If your target device has a console, you can run gdb directly on the device as usual, simply by compiling using the -g option and running the executable under gdb.If your target doesn’t have a console, you can still use gdb by connecting your host to your target through the serial port. You can then use gdb remotely from your host.
printf( ) and printk( )
Eventually, you have to stop developing on your host machine and start developing on the target. On the target, you will usually be pretty limited in the debug tools available to you. You may get lucky and have debug hardware that allows you to single-step your software using gdb or some other debugger, but this won’t always be the case. Eventually, you’ll get to the point where you need to debug code running at full speed in a limited environment. The best way to do that is to pepper the code with printf() or printk() (depending on whether you’re debugging application code or kernel code). Using this debug style is pretty straightforward, but it’s sometimes missed as the easiest way to localize a problem.
syslog( )
Related to printf() and printk(), described in the preceding section, is syslog(). syslog() sends a string to an error-logging process on the current machine or another machine. It’s especially handy when you’re debugging a problem on a target machine on which you don’t have a command shell. You can instruct syslog() to send debug messages to your host machine, where you can readily view them.
LEDs
What do you do if you don’t have a display or serial port or network connection? Hopefully, you have one or more LEDs that you can light up using software. This is a painful way to debug software, and can be quite time-consuming—but it has been done, and if there is no better way…
expect
Most serious software development projects result in two sets of software: the application software that answers the problem at hand, and a test suite that verifies the application software.The test suite is usually in the form of numerous small programs and scripts, each of which checks an individual aspect of the application software, returning a pass/fail result. Many of these little programs and scripts are written so that, as bugs are squashed, they test for the reappearance of the bug. As the project progresses, the developer often runs the test suite to make sure the software is not sliding backward.This is called regression testing.

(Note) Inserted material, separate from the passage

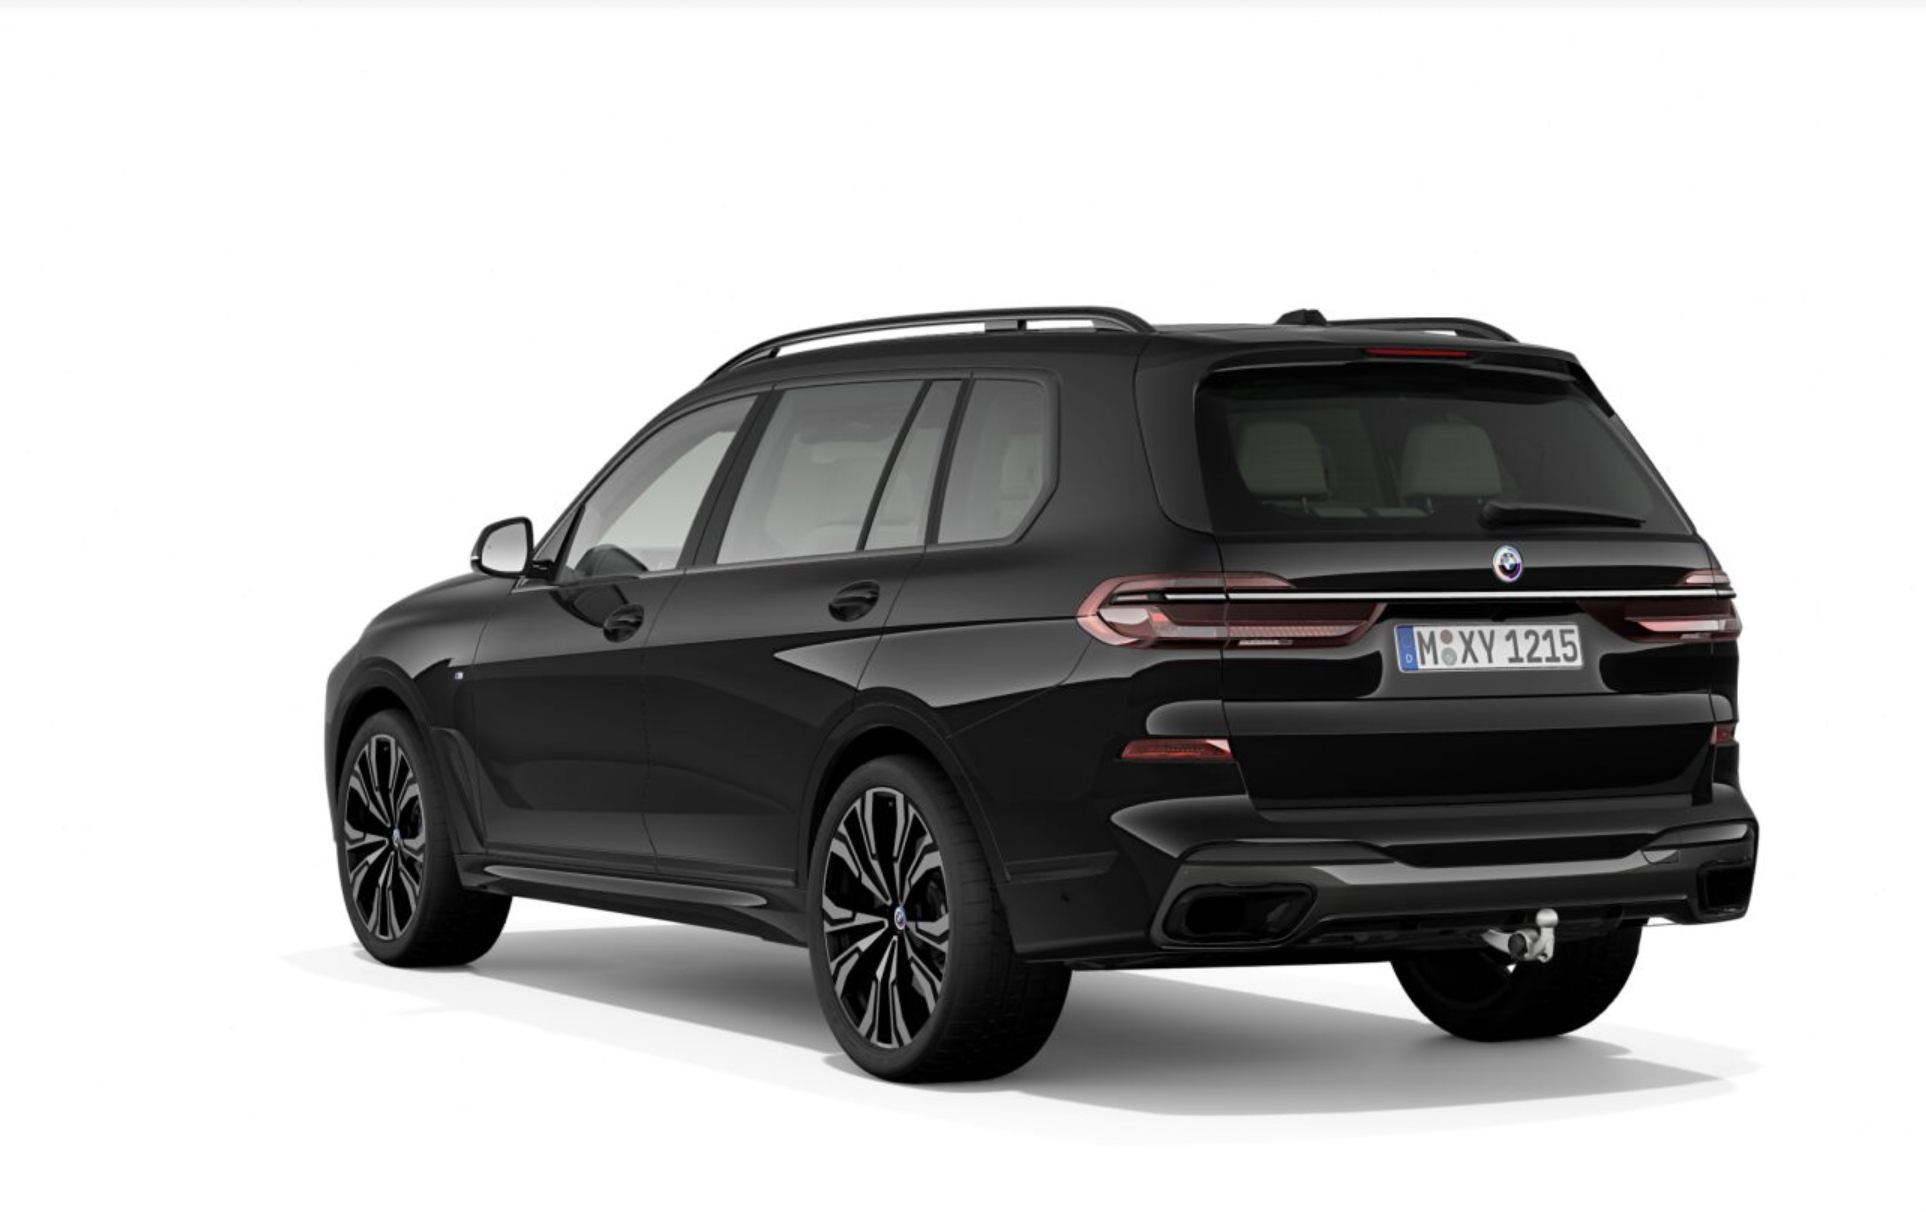 BMW X7 40d xDrive Mpaket | nový facelift | novinka 2022 | luxusní sportovní velké SUV | první objednávky online | první auta ve výrobě | auto eshop | AUTOiBUY.com
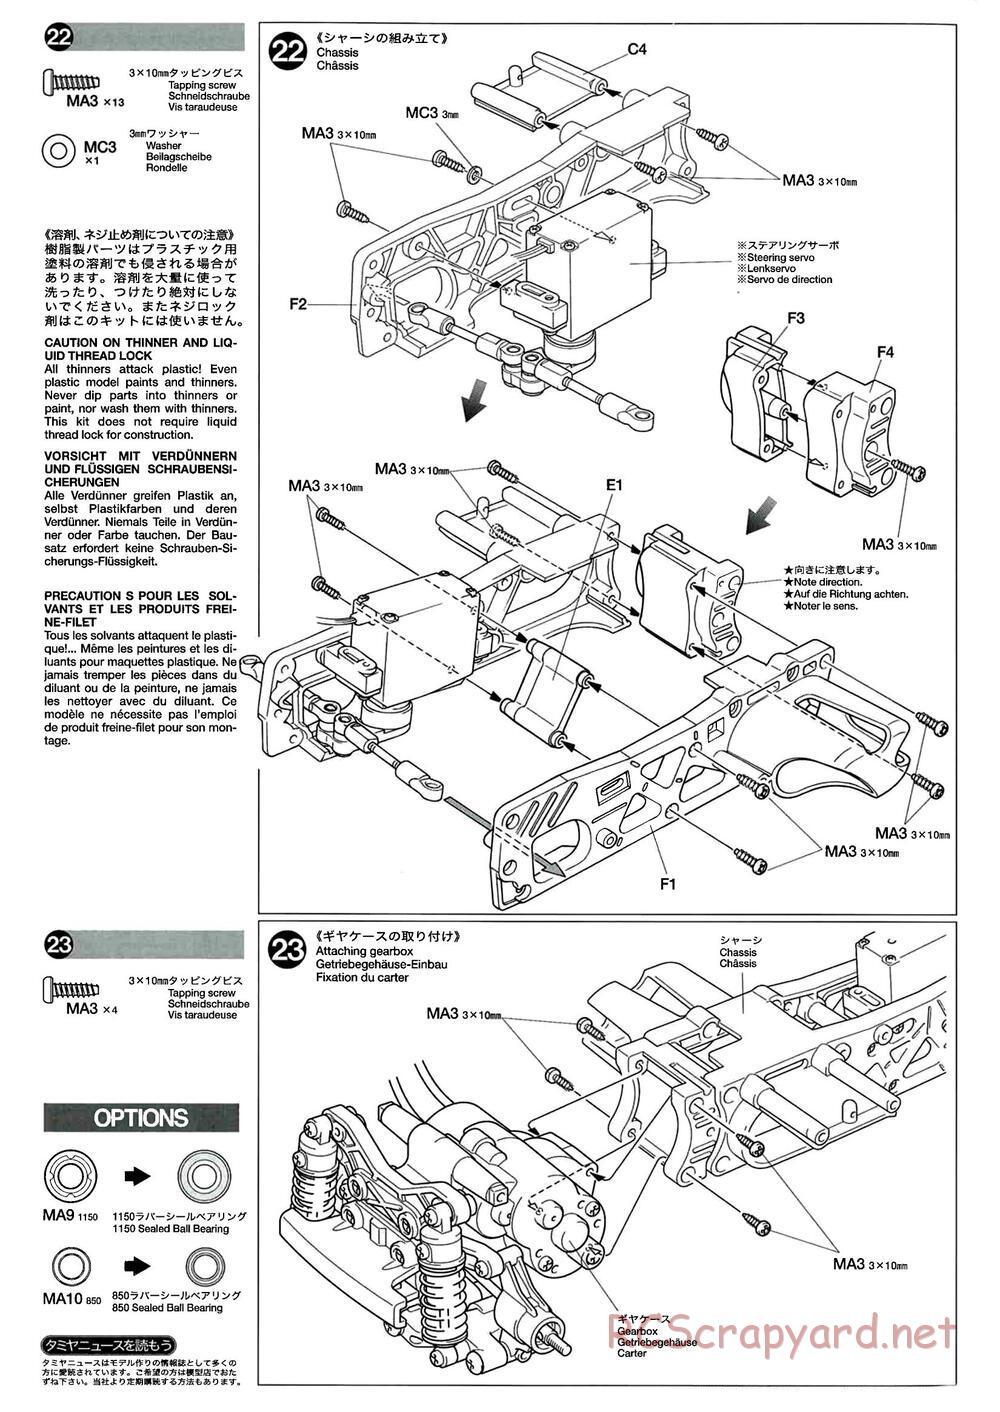 Tamiya - M-04L Chassis - Manual - Page 12

It quickly becomes cumbersome to run each test individually, so they must somehow be scripted. However, the script normally runs on a machine separate from the target machine in an embedded environment, so how can you get the tests to run and verify the results over a serial or network link?
One powerful tool for scripting these tests and verifying their results is expect. From the man page:
expect is a program that “talks” to other interactive programs according to a script. Following the script, expect knows what can be expected from a program and what the correct response should be. An interpreted language provides branching and high-level control structures to direct the dialogue. In addition, the user can take control and interact directly when desired, afterward returning control to the script.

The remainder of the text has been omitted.